The Buckendorfs' eyes glowed with hunger like mystic stones and their yellow fangs had grown. There had been talk of eating Bull, and the guides had promised to kill anyone who tried. They were the ones who buried poor Bull and set a great pile of stones over his grave. They knelt with their rosaries and prayed to the Virgin Mary to rest his soul. Joseph had tried to help them, but had fallen down repeatedly. He was really asking Lafayette and Henri to do the same for him as for Bull. He was very tired now. Sitting beside Henri, he took the locket that held Dorea's picture from his inner pocket and he opened it to show the guide. Before this, he'd always looked at her picture when he was alone, ashamed, perhaps, of the fact that she was plain and older. Ashamed, perhaps, that someone might think she was his mother.

Henri placed the fiddle with great care into its velvet nest, and stroked it before he shut the lid. Then he took the locket from Joseph's hands, and looked into the face of Dorea for a very long time. At last he gave her back to Joseph.

“Such a pretty woman,” he said. “Très jolie. You will be happy. She will give you many children and keep you warm at night.”

This was the only untruth that Joseph heard Henri Peace to utter, for after that night in which Lafayette killed a crazed old female moose, and after the next week in which another outfit arrived with
flour and they all stuffed themselves sick on pancakes and syrup then rolled in agony out in the woods, and after Joseph made his way back to St. Anthony more broke than he'd started out and with a deed for two hundred acres of worthless land in his pocket, he showed up at Dorea's doorstep only to be met by a man who introduced himself as her new husband, to whom he wordlessly gave the locket.

The Saint

FOR A LONG
time after the expedition, Joseph was sick, in a general way, and he gazed long at Lafayette's crucifix nailed onto his wall. He wondered where English Bill, his dog, the Buckendorfs, and Lafayette and Henri Peace were now. Except for B. J. Bolt, who looked in on him sometimes, the only one whose whereabouts he was sure of was Bull. So after he recovered, Joseph went to visit the doctor's housekeeper with the dark brown hair, sweet, coffee-milk skin, and freckled nose. She sat with him in the receiving parlor where the doctor's patients waited. From behind the shut door they could hear the clack of instruments and some muffled yelps. Joseph told the doctor's housekeeper all about Bull and how he had spoken of her looking at the horizon and how he had set off to walk across the dead swamp of the late winter prairie to be with her. She gazed at him with clear brown eyes and nodded when he had finished telling her about the turtle soup and how Bull had died looking up into the budding branches, with her name on his lips. The last part about the name was, he hoped, a pardonable embroidery. She did look sad, and a bit surprised. At last, she spoke.

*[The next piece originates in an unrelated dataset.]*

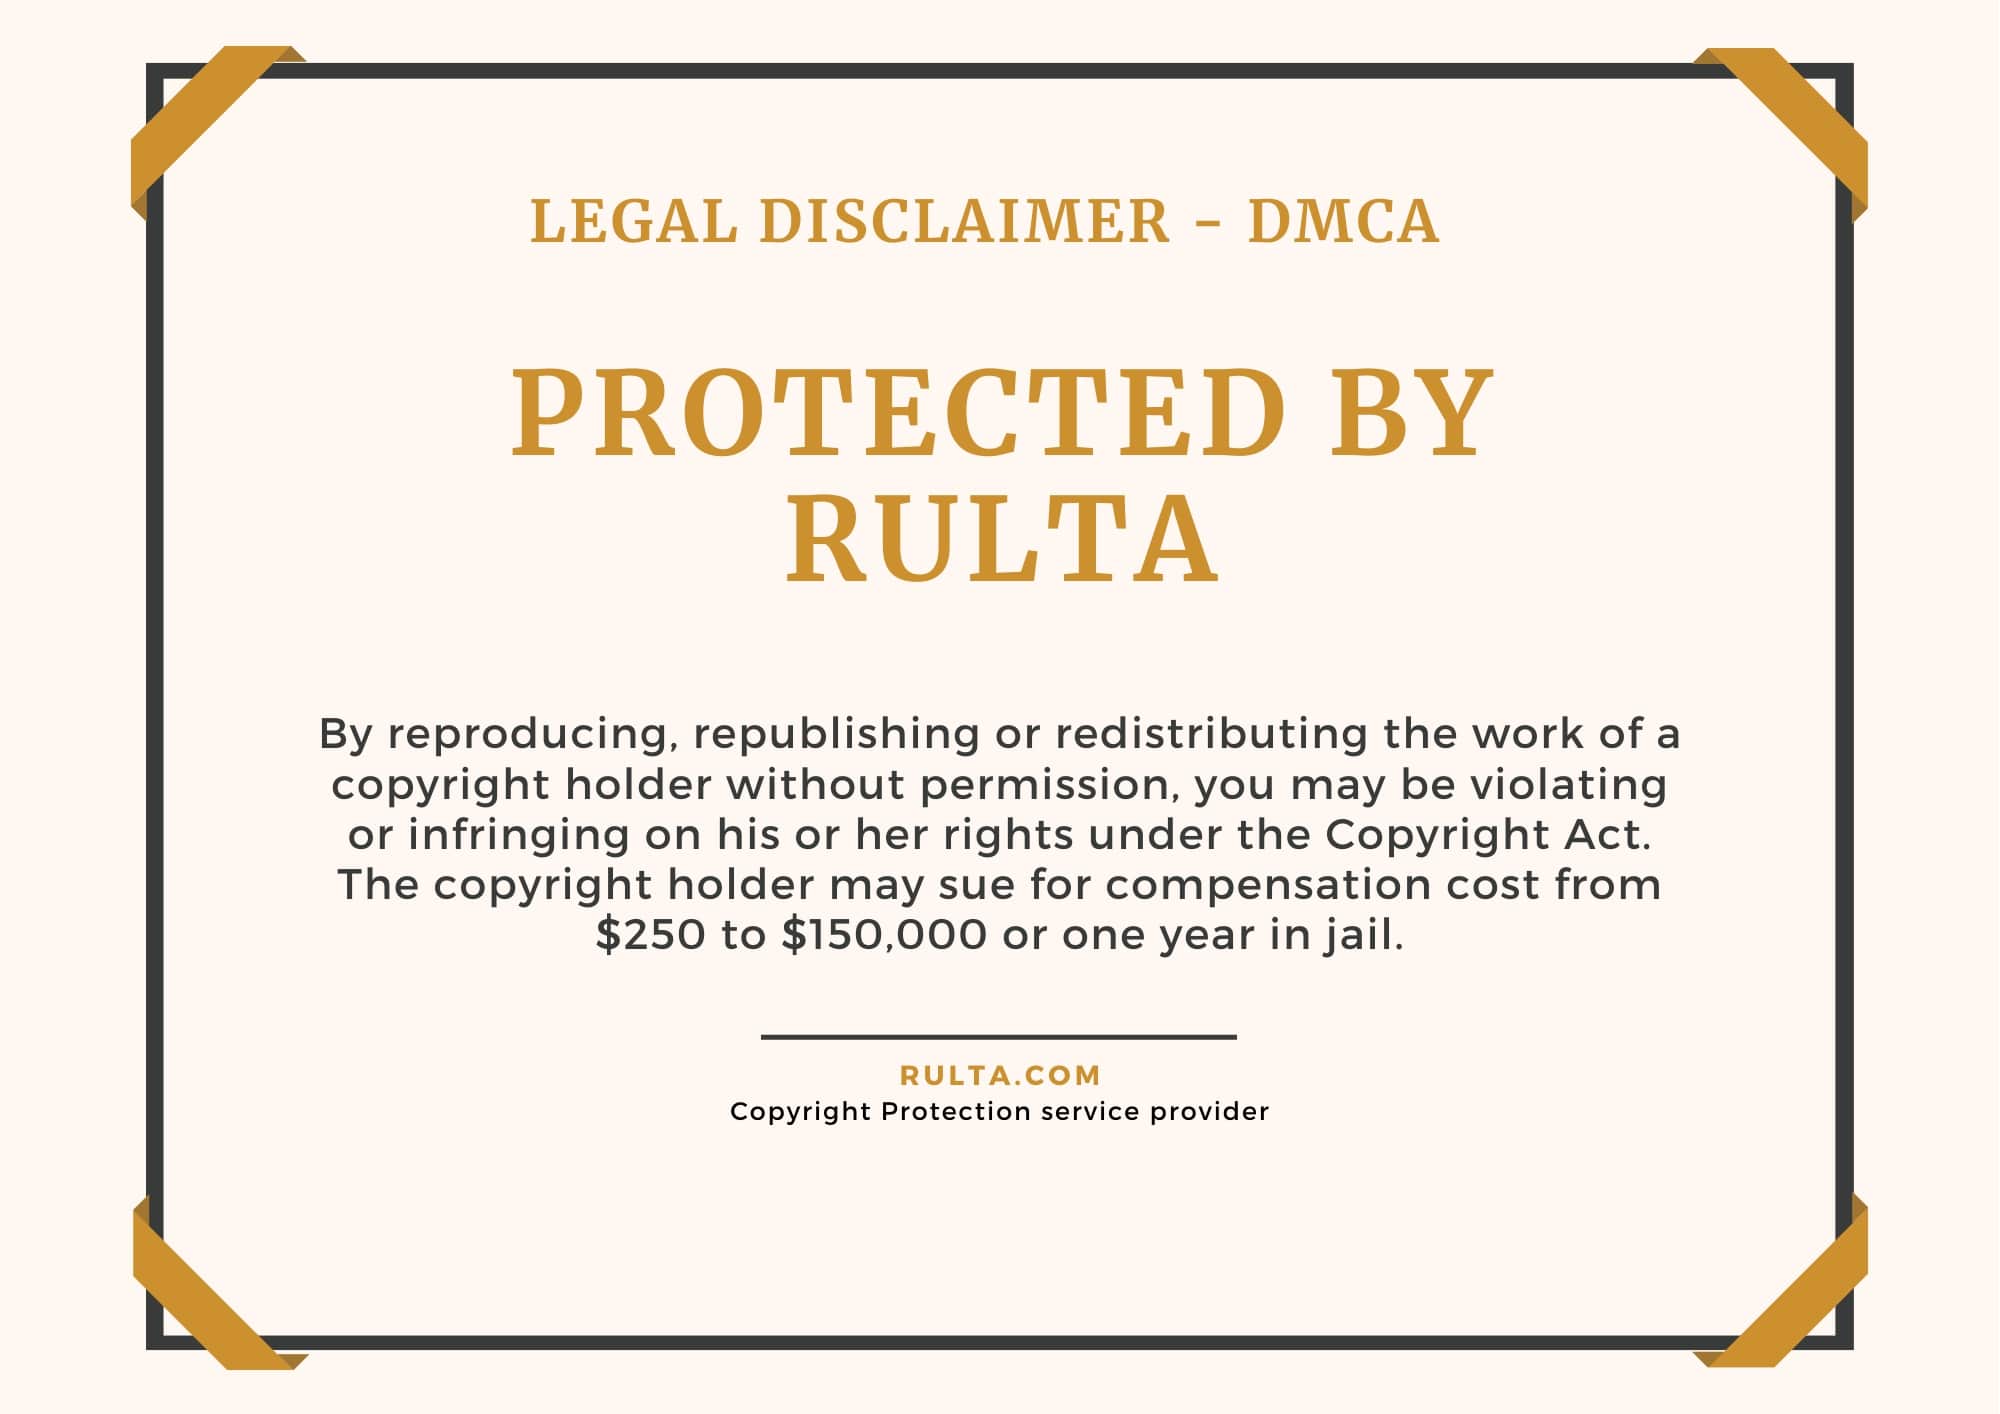 DMCA badge by Rulta - 7

“I was going to marry him, it's a fact. I loved him, I think, but the truth is I cannot recall what he looked like. Our affection came on sudden and he was gone so fast. He hadn't a picture of himself. But I do think I miss him and I am very sorry that he is dead.”

She was so lucid in her puzzlement and her speech was so calm that Joseph nearly asked her to marry him right then and there. He held his tongue out of respect for Bull, and went back to the room B. J. Bolt had insisted he be given out behind Poolcaugh's establishment.
There, he pondered, as he had many times, the mystery of his survival and the meaning of the otter. He took down the crucifix and touched it to his forehead.
Alexander and Pompeium and Caius Caesar, after so completely destroying whole cities, and in battle cutting to pieces many ten thousands of cavalry and infantry, themselves too at last departed from life. Heraclitus, after so many speculations on the conflagration of the universe, was filled with water internally and died smeared all over with mud. And lice destroyed Democritas; and other lice killed Socrates. What means all this? Thou hast embarked, thou hast made the voyage, thou art come to shore; get out!

He put the book down. He pressed the cross into his forehead as if to absorb its meaning. He thought of Bull's calm fiance. Again the otter looked at him, an innocent saint. And Bull's fathomless eyes stared into the leaves.

“Well,” he said out loud, “I'm cured of town fever.”

He went out, bought a vested suit, and decided to become a lawyer.

HE WHO GOES
to law holds a wolf by the ear
, said Robert Burton. So there I was, here I am, the clichd mixed-blood with a wolf by the ear. One of my advantages in holding on to the wolf is that I grew up dividing my time between my mother's family on the reservation, and the big house in Pluto. Thus, I know something about both sides of many cases I hear. My father built our house on land he had inherited from Joseph Coutts, whose own survey stones the railroad company tried to search out and steal when they came through, named, and platted out the town. That was some years after the town fever ordeal. Joseph Coutts was his own attorney, by then. In his first big case, he got back land for himself, therefore benefiting the Buckendorfs and any other of those original party members who cared to make a living near Pluto. Some did come back, drawn to where they'd lived the hardest, maybe, or where like Bull they had seen the truth of things flutter away in the pale leaves above them.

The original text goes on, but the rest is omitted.